Hugging Face Evaluation Manager

Analyze, extract, and manage evaluation results in Hugging Face model cards.

Overview

This skill manages evaluation metadata in HF model cards through four methods:

What it analyzes:

  • README markdown tables containing benchmark scores
  • Existing model-index YAML metadata in model cards
  • Artificial Analysis API benchmark data
  • Custom evaluation outputs from lighteval and inspect-ai

What it reports:

  • Model-index YAML entries compliant with Papers with Code specification
  • Extracted benchmark scores with source attribution
  • Evaluation job results from HF Jobs infrastructure
  • PR status checks to prevent duplicate contributions

Invoke this skill when users want to:

  • Extract evaluation tables from a model's README into model-index metadata
  • Import benchmark scores from Artificial Analysis for a model card
  • Run evaluations on HF Jobs with lighteval (vLLM) or inspect-ai
  • Validate or view existing model-index entries
  • Create PRs to add evaluation metadata to models they do not own

Analysis Checklist

Before Any Operation

  • HF_TOKEN set with write permissions (verify with hf_whoami())
  • For Artificial Analysis: AA_API_KEY set in environment or .env

Before Creating a PR

  • Run get-prs to check for existing open PRs on the target repo
  • If PRs exist: warn the user, show URLs, do NOT proceed unless confirmed
  • Preview YAML output before applying (default behavior prints YAML)
  • Compare extracted values against the README table manually

Before Running Evaluations

  • Select hardware matching model size (see Hardware Selection)
  • Verify GPU availability with nvidia-smi for local runs
  • Confirm uv is installed for PEP 723 script execution

Workflow

Method 1: Extract Evaluation Tables from README

The primary workflow for adding model-index metadata from existing README tables.

bash
# Step 1: Check for existing PRs (ALWAYS first)
uv run scripts/evaluation_manager.py get-prs --repo-id "owner/model"

# Step 2: Inspect tables to find structure and column indices
uv run scripts/evaluation_manager.py inspect-tables --repo-id "owner/model"
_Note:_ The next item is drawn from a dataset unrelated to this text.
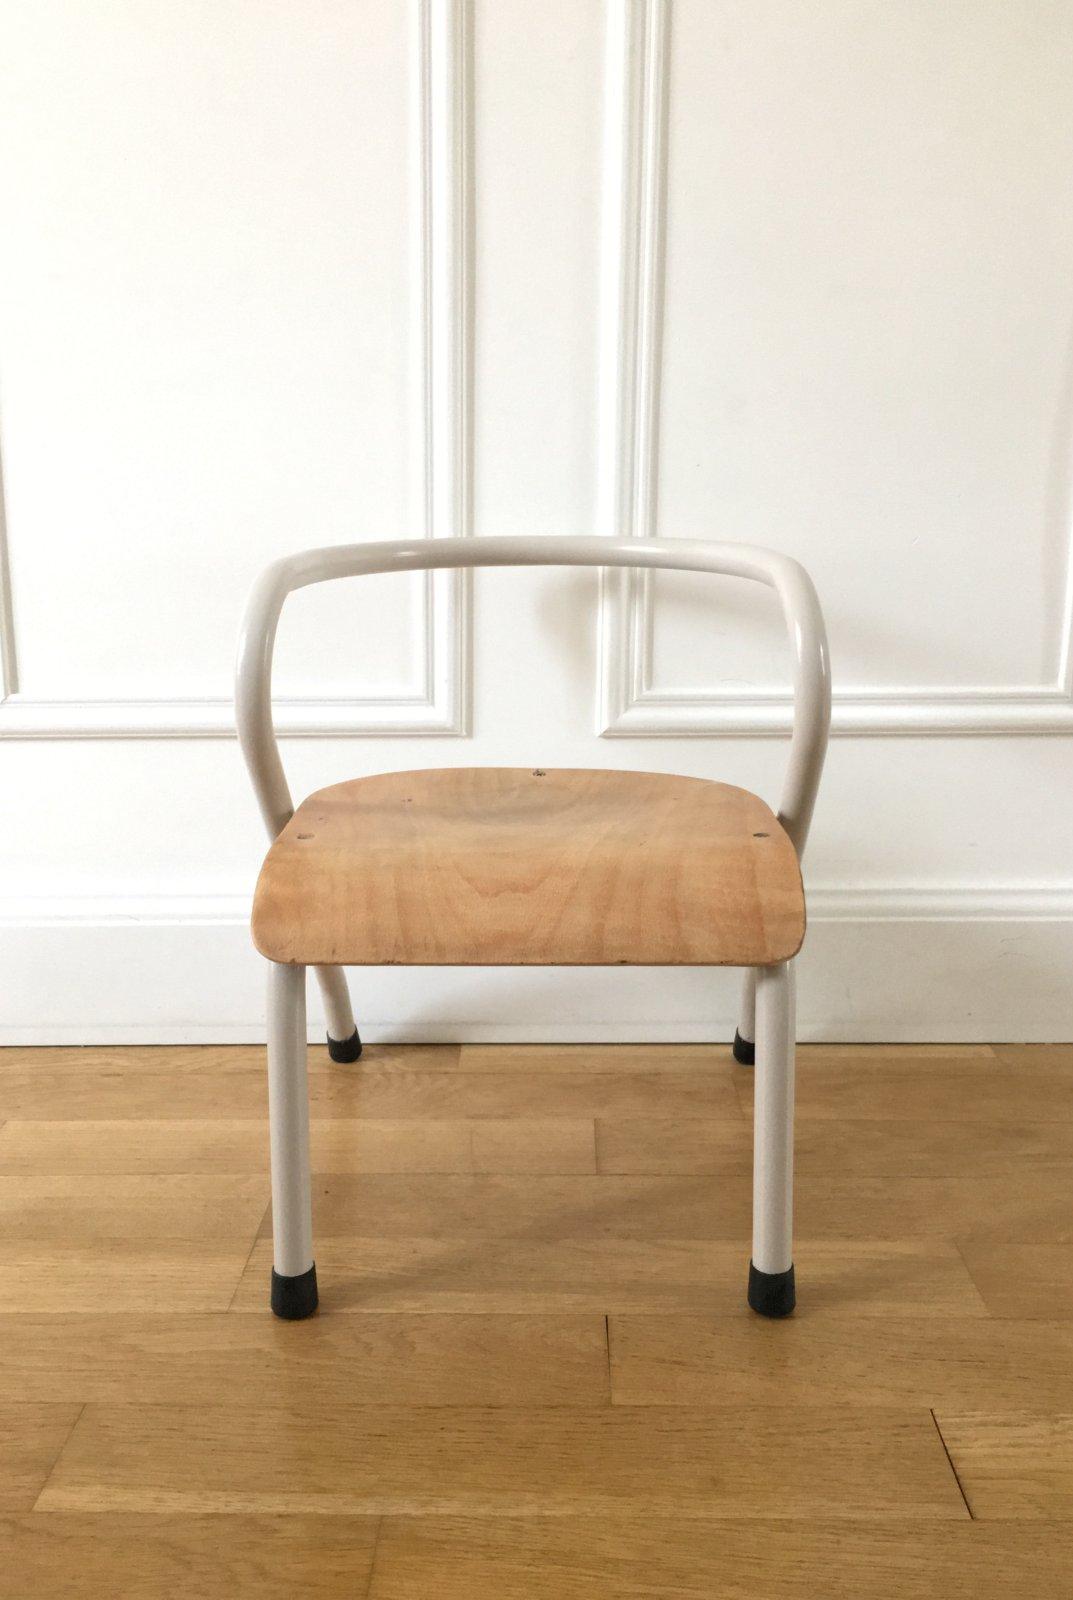 petite chaise mullca 300 de jacques hitier vaillant le petit meuble. Black Bedroom Furniture Sets. Home Design Ideas

# Step 3: Extract from a specific table (prints YAML by default)
uv run scripts/evaluation_manager.py extract-readme \
  --repo-id "owner/model" \
  --table 1 \
  [--model-column-index N] \
  [--model-name-override "Exact Header Text"] \
  [--task-type "text-generation"]

# Step 4: Apply changes
uv run scripts/evaluation_manager.py extract-readme \
  --repo-id "owner/model" --table 1 --apply       # push directly
# OR
uv run scripts/evaluation_manager.py extract-readme \
  --repo-id "owner/model" --table 1 --create-pr   # open a PR

Key rules:

  • Always start with inspect-tables to see table numbers and column hints
  • Use --table N when multiple evaluation tables exist
  • Prefer --model-column-index over --model-name-override
  • For comparison tables with multiple models, use --model-name-override with the exact column header text from inspect-tables output
  • One model per repo: only add the main model's results

Method 2: Import from Artificial Analysis

Fetch benchmark scores from the Artificial Analysis API.

bash
# Check for existing PRs first
uv run scripts/evaluation_manager.py get-prs --repo-id "owner/model"

# Import and create PR
AA_API_KEY=... uv run scripts/evaluation_manager.py import-aa \
  --creator-slug "anthropic" \
  --model-name "claude-sonnet-4" \
  --repo-id "owner/model" \
  --create-pr

Method 3: Run Evaluations on HF Jobs (Inference Providers)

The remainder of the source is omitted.